→ Data provided:
=== Section Start ===
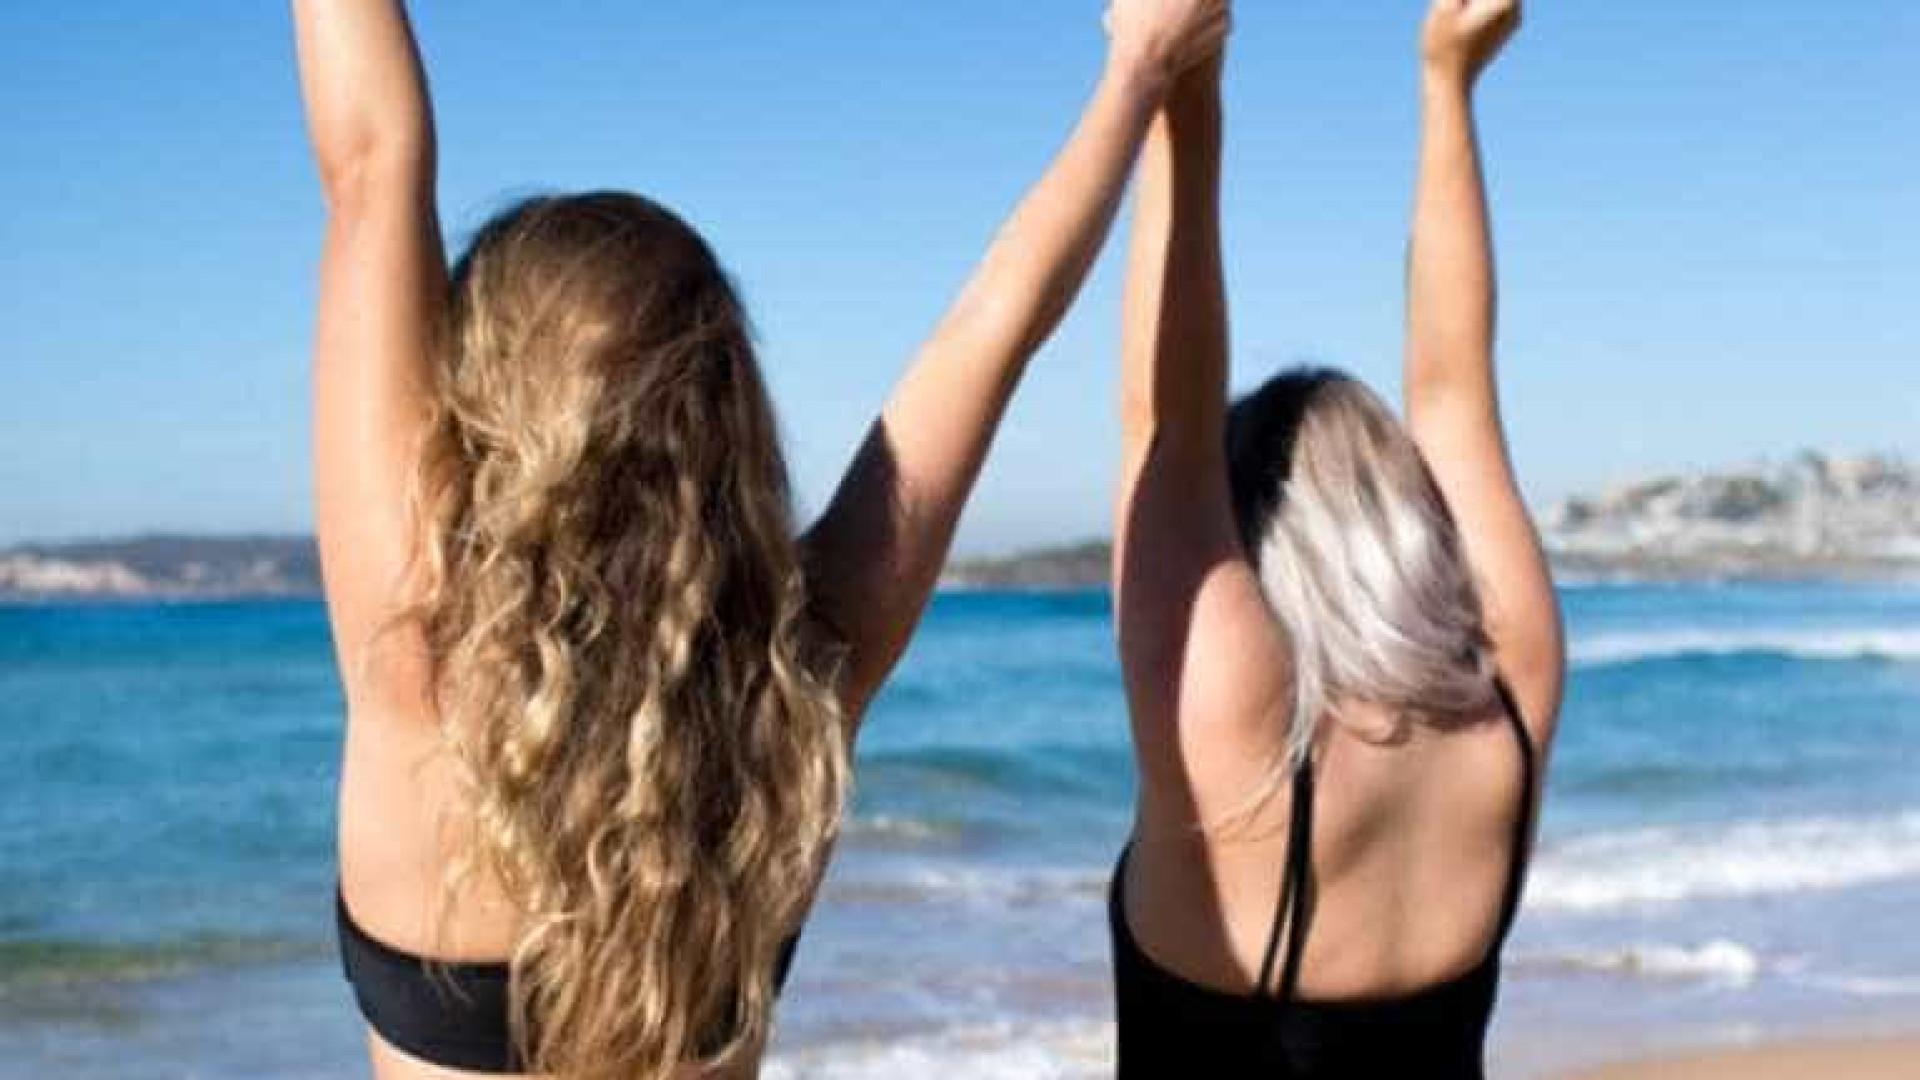 Marca australiana lança maiôs e biquínis à prova de menstruação
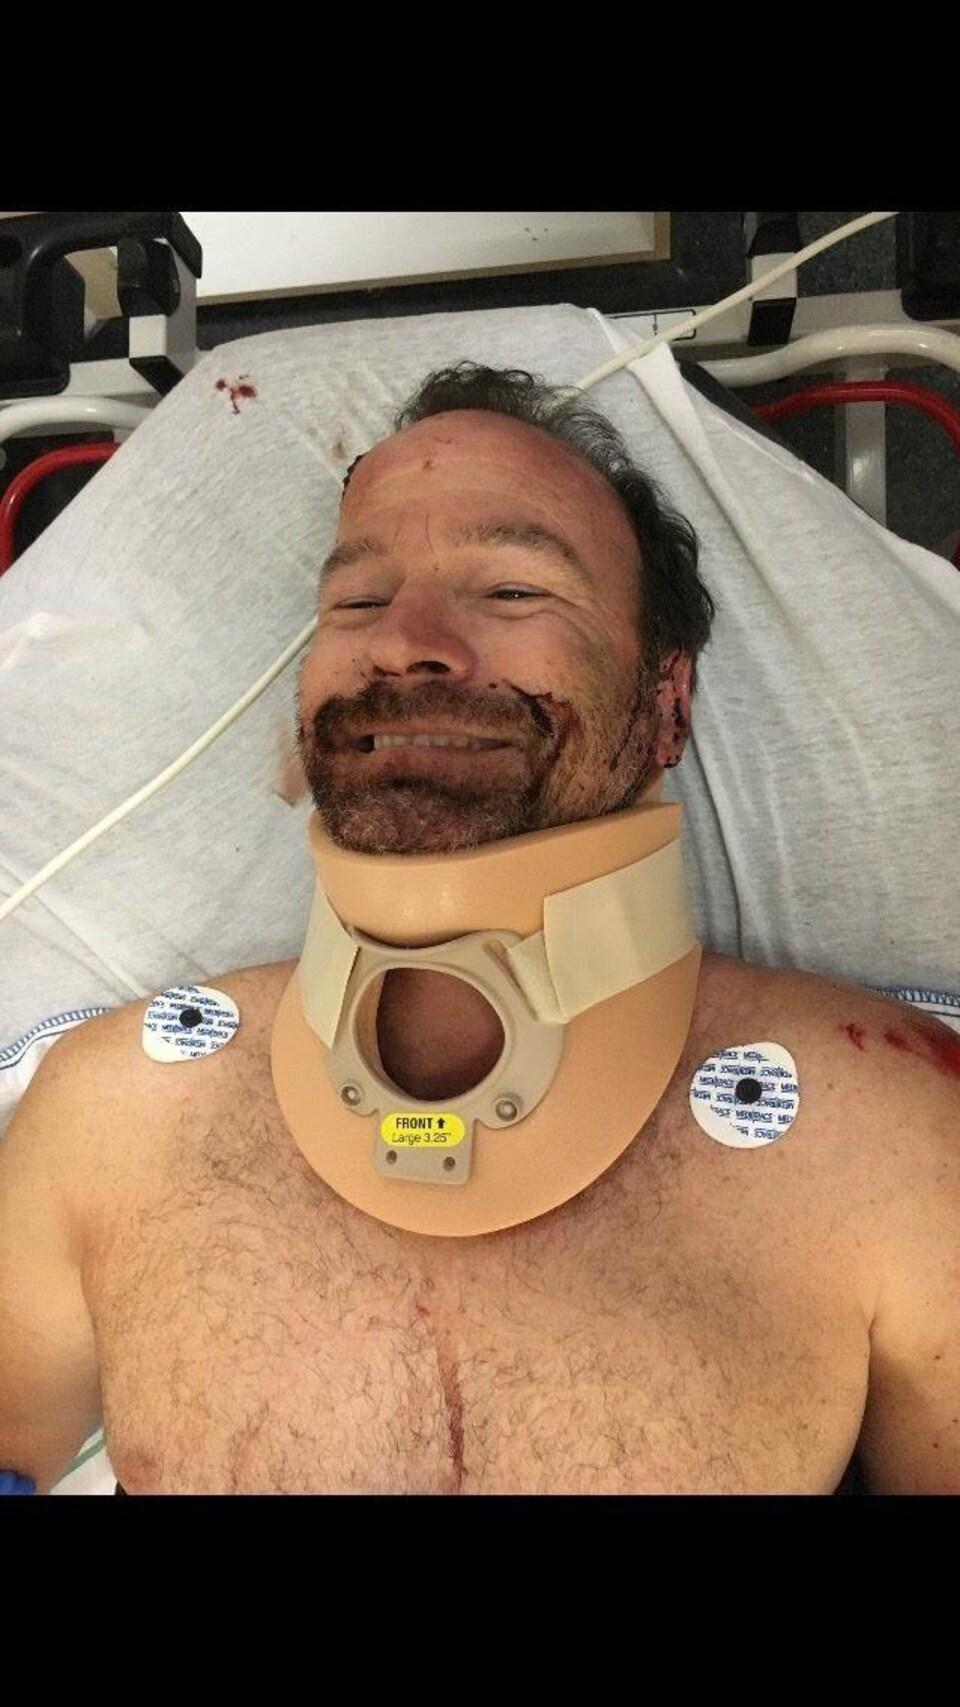 Jean-Pierre Martel sur un lit d'hôpital.
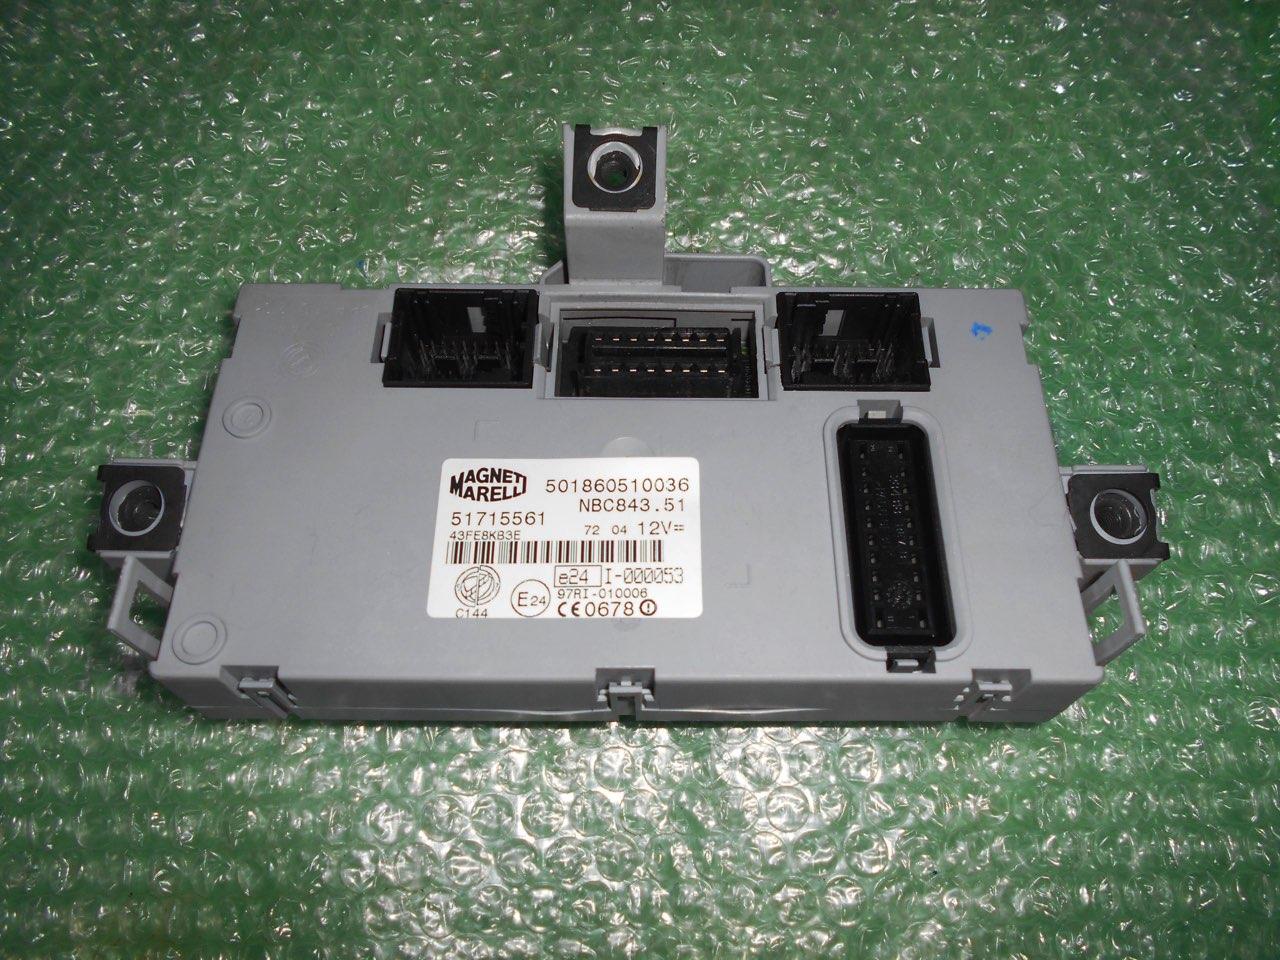 MODULO BODY COMPUTER 51715561 – MAGNETI MARELLI 501860510036 LANCIA YPSILON (843)(2003-2011)
=== Section End ===
→ Assignment: For this step, transcribe all the material above exactly and drop the images.

→ Answer area:
 Marca australiana lança maiôs e biquínis à prova de menstruação
 Jean-Pierre Martel sur un lit d'hôpital.
 MODULO BODY COMPUTER 51715561 – MAGNETI MARELLI 501860510036 LANCIA YPSILON (843)(2003-2011)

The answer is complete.